The log-invalid-packet CLI setting is one that is intended to log invalid ICMP packets. The exact definition being:

If the ForitGate unit receives an ICMP error packet that contains an embedded IP(A,B)|TCP (C,D) header, then if FortiOS can loacate the A:C -> B:D session it checks to make sure that the sequence number in the TCP header is within the range recorded in the session.
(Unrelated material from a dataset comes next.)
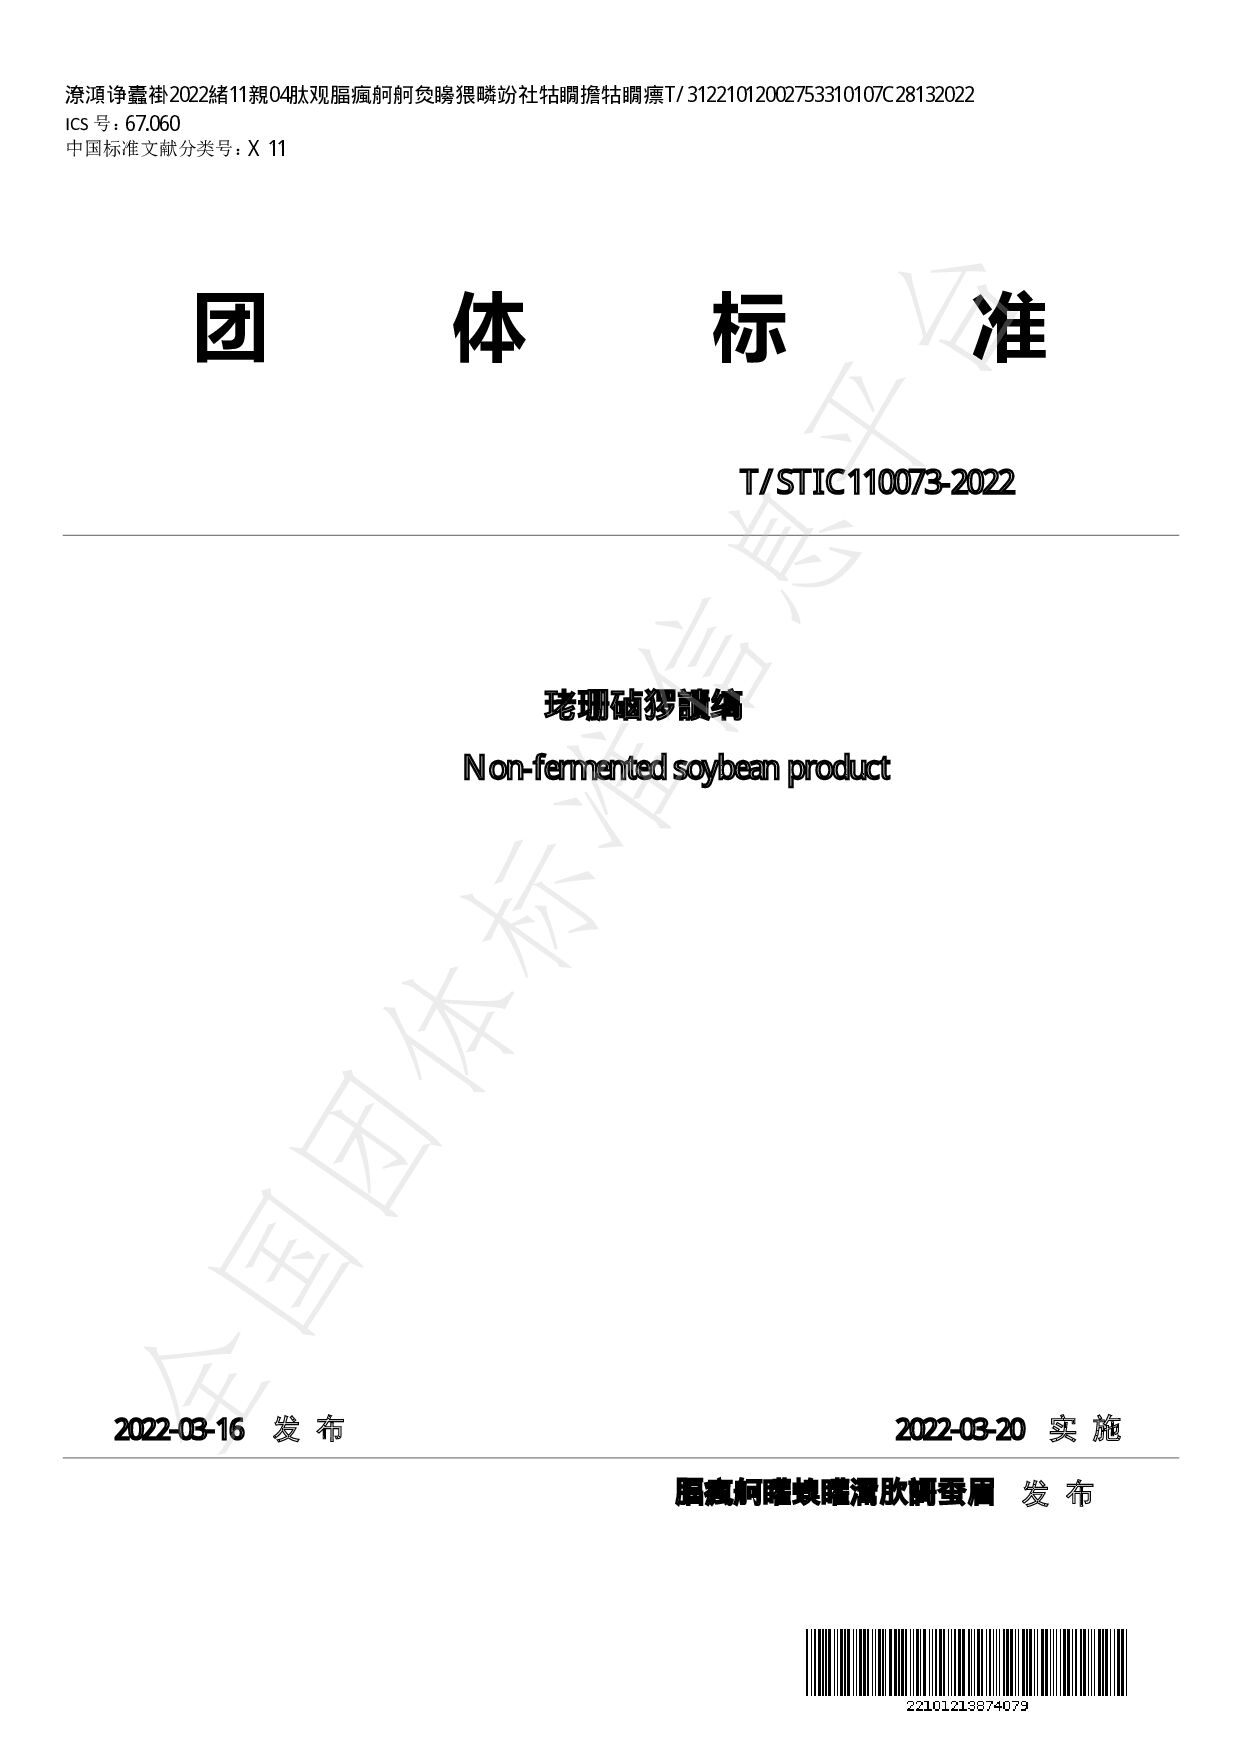 T/STIC 110073-2022封面图
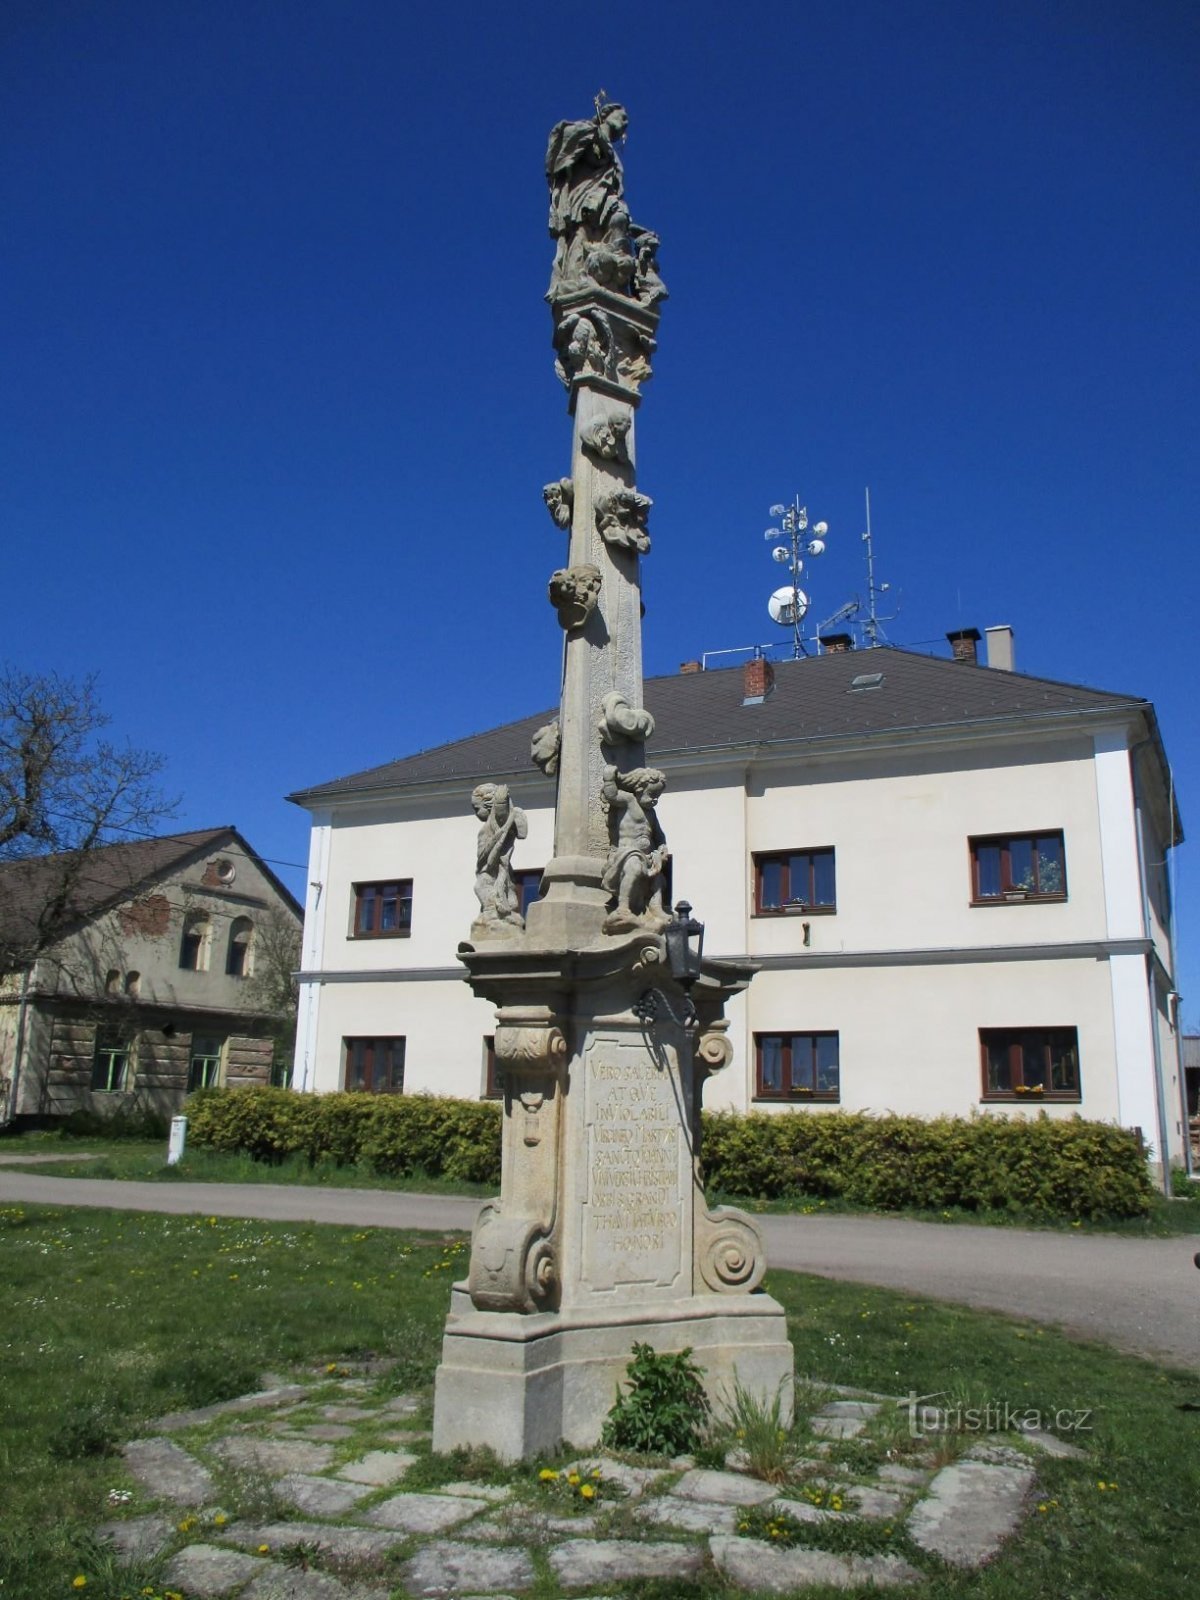 Steber s kipom sv. Janez Nepomucki (Chotěborky, 20.4.2020. april XNUMX)

If the sequence number is not in range then the ICMP packet is dropped.

When this field is enabled, the FortiGate also log messages that are not ICMP error packets.

Types of logs covered by log-invalid-packet

• Invalid ICMP
• If ICMP error message verification (see "check-reset-range") is enabled

• Invalid DNS packets
• DNS packets that contain requests for non-existing domains

• iprope check failed
• reverse path check fail
• denied and broadcast traffic
• no session matched

Some other examples of messages that are not errors that will be logged, based on RFC792:

Type 3 messages correspond to "Destination Unreachable Message"

• Type 3, Code 1 = host unreachable
• Type 3, Code 3 = port unreachable

Type 11 messages correspond to "Time Exceeded Message"

• Type 11, Code 0 = time to live exceeded in transit

ICMPv6

Internet Control Message Protocol version 6 (ICMPv6) is the new implementation of the Internet Control Message Protocol (ICMP) that is part of Internet Protocol version 6 (IPv6). The ICMPv6 protocol is defined in RFC 4443.

ICMPv6 is a multipurpose protocol. It performs such things as:

• error reporting in packet processing
• diagnostic functions
• Neighbor Discovery process
• IPv6 multicast membership reporting

It also designed as a framework to use extensions for use with future implementations and changes.

Examples of extensions that have already been written for ICMPv6:

• Neighbor Discovery Protocol (NDP) - a node discovery protocol in IPv6 which replaces and enhances functions of ARP.
• Secure Neighbor Discovery Protocol (SEND) - an extension of NDP with extra security.
• Multicast Router Discovery (MRD) - allows discovery of multicast routers.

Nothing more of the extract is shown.